##### Data extracts
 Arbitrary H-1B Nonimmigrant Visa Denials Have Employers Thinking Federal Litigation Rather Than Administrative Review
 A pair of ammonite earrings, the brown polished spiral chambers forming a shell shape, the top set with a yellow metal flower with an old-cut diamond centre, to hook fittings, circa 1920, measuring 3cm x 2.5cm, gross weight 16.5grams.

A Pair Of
##########
##### Data extracts
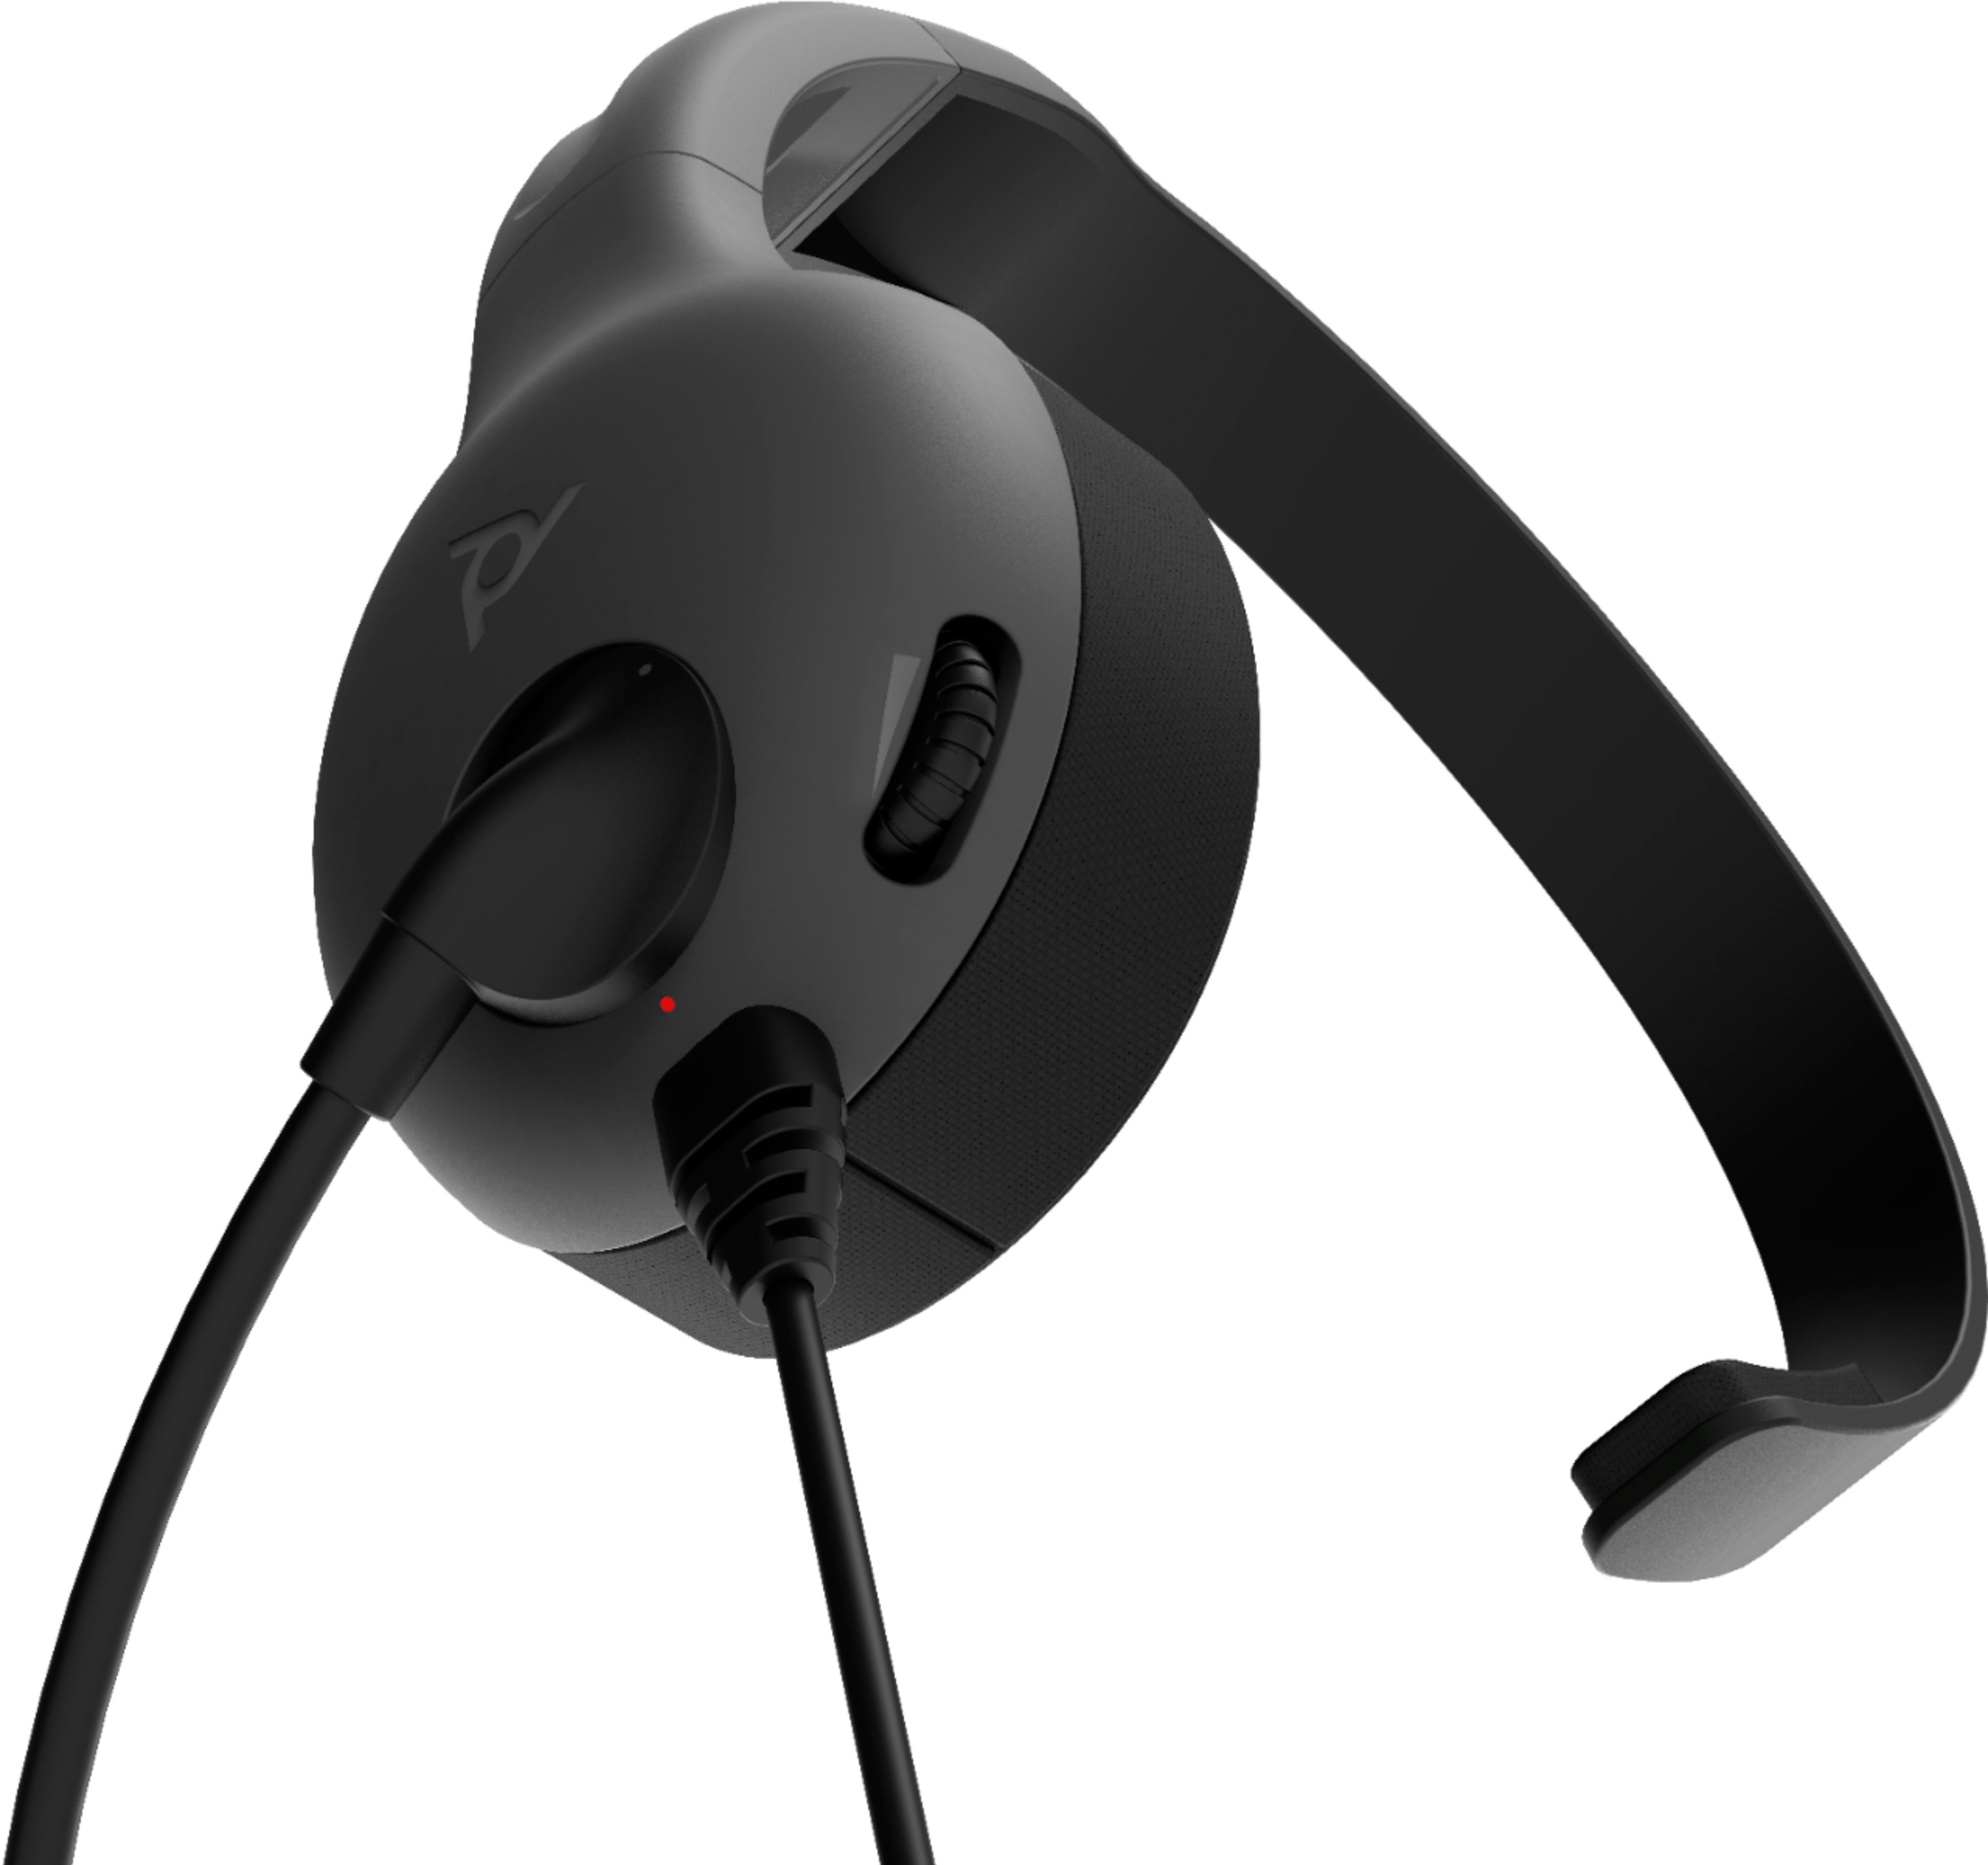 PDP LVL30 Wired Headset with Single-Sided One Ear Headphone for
##########
*What you have to do:* Above are the records; print exactly the lines from the line with "Arbitrary H-1B Nonimmigrant" to the line with "A pair of ammonite", including both, and nothing else.

*Result of this task:*
 Arbitrary H-1B Nonimmigrant Visa Denials Have Employers Thinking Federal Litigation Rather Than Administrative Review
 A pair of ammonite earrings, the brown polished spiral chambers forming a shell shape, the top set with a yellow metal flower with an old-cut diamond centre, to hook fittings, circa 1920, measuring 3cm x 2.5cm, gross weight 16.5grams.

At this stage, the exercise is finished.